In the introduction, authors state that the SAC is satisfied only by tension, however this is the subject of debate in the current literature. This conclusion has been mainly drawn from experiments using low dose taxol, a drug that stabilises microtubules and decreases inter-sister kinetochore tension. However, importantly, this drug can also generate single unattached kinetochores which are known to generate a SAC signal to delay the cell (Proudfoot et al, 2019 Cell Reports; Roscioli et al, 2019 BioRXiv, figure 4). Therefore it is difficult to separate tension from attachment in terms of SAC activation. Further experiments have shown that SAC proteins are not lost from kinetochores upon gain of tension using inter-sister kinetochore distance as a readout (Kuhn and Dumont, 2019, Journal of Cell Science). While this is not the focus of this manuscript, authors should be aware that SAC dynamics are not yet fully understood and should be cautious of any oversimplification as it does not represent the true biological mechanism.
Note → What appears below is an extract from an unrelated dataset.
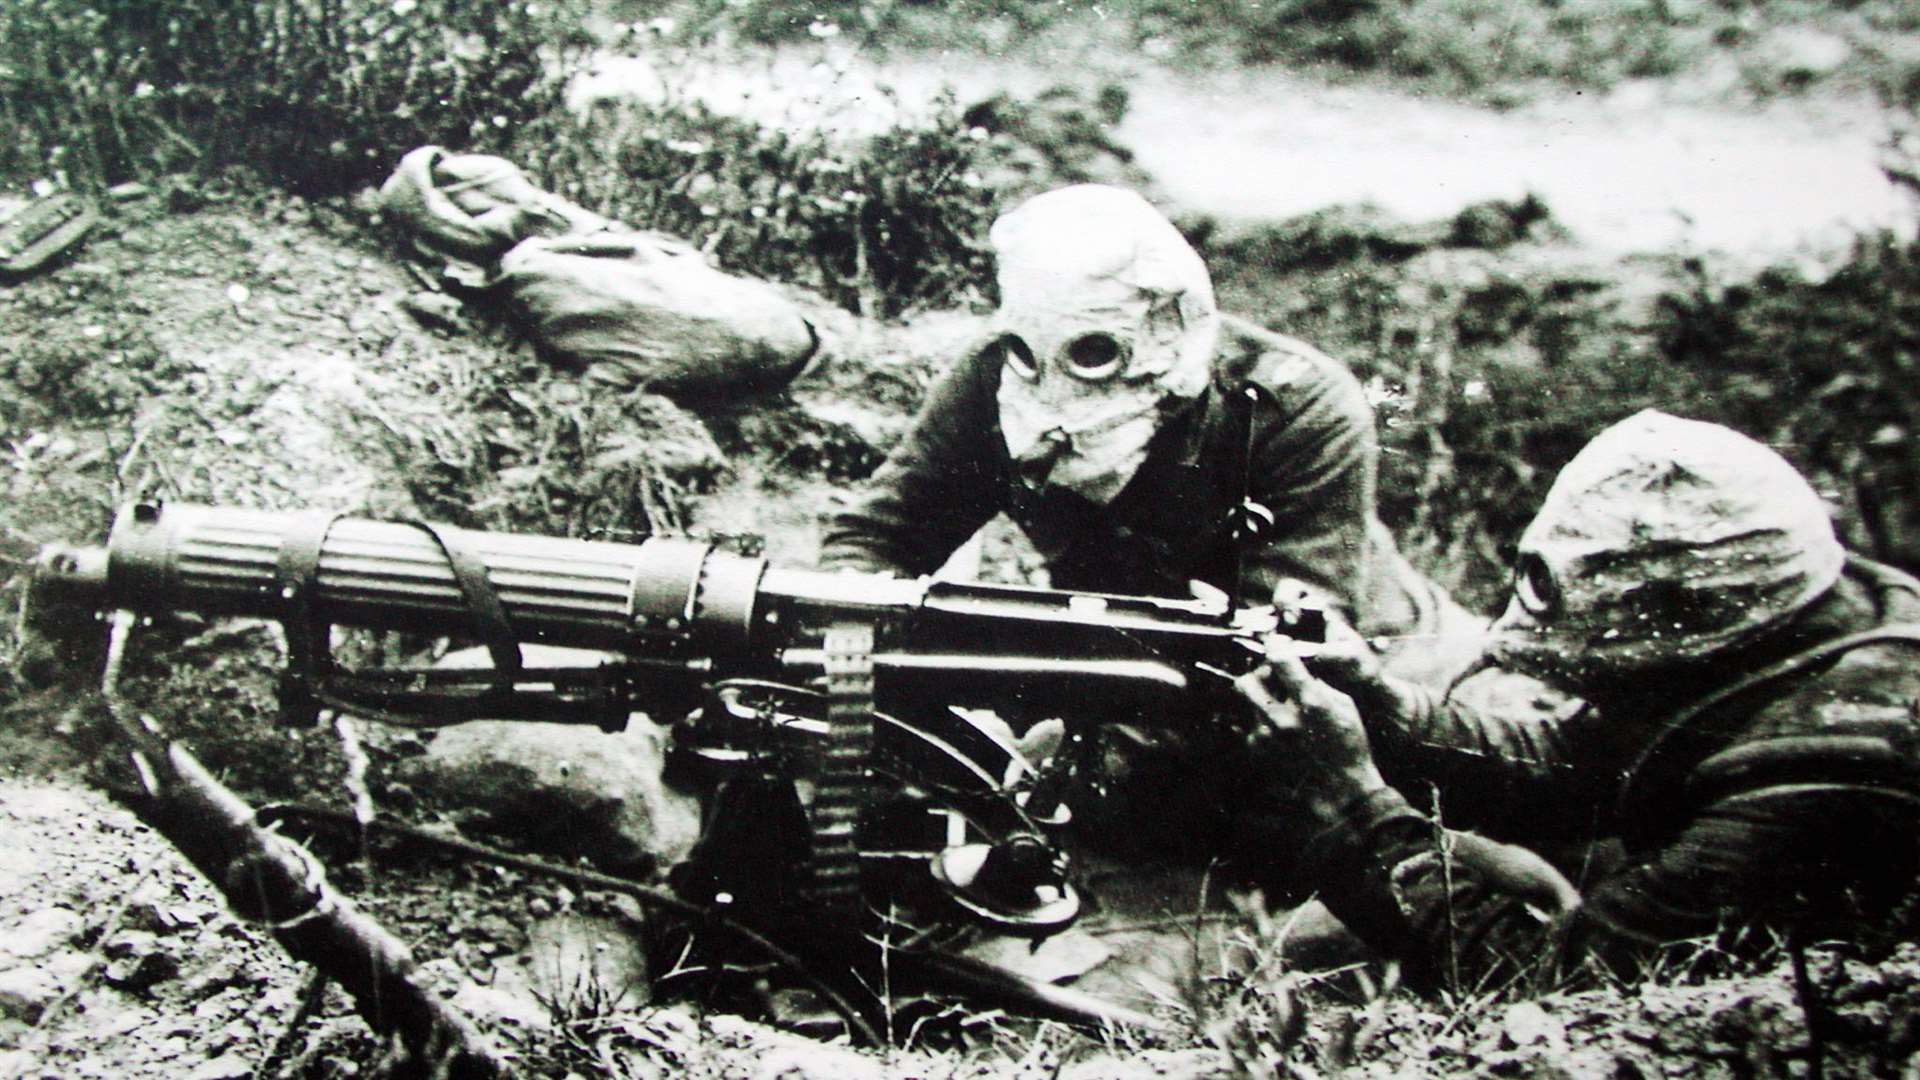 British machine gunners wearing gas masks in the Battle of the Somme.

Furthermore, authors have grossly oversimplified the mechanisms of SAC signalling in the introduction section ‘Normal operation of the spindle assembly checkpoint’ by stating that the wait signal is mediated by Aurora B. While Aurora B is the most upstream kinase involved in SAC signalling, there are many more events occurring after this. Authors must introduce downstream mechanisms, including the Bub and Mad proteins, and how they are recruited and removed from the kinetochore. They should also introduce the generation of Mitotic Checkpoint Complex (MCC), which constitutes the wait anaphase signal. Authors can refer to Musacchio and Salmon, 2007 (reference 9).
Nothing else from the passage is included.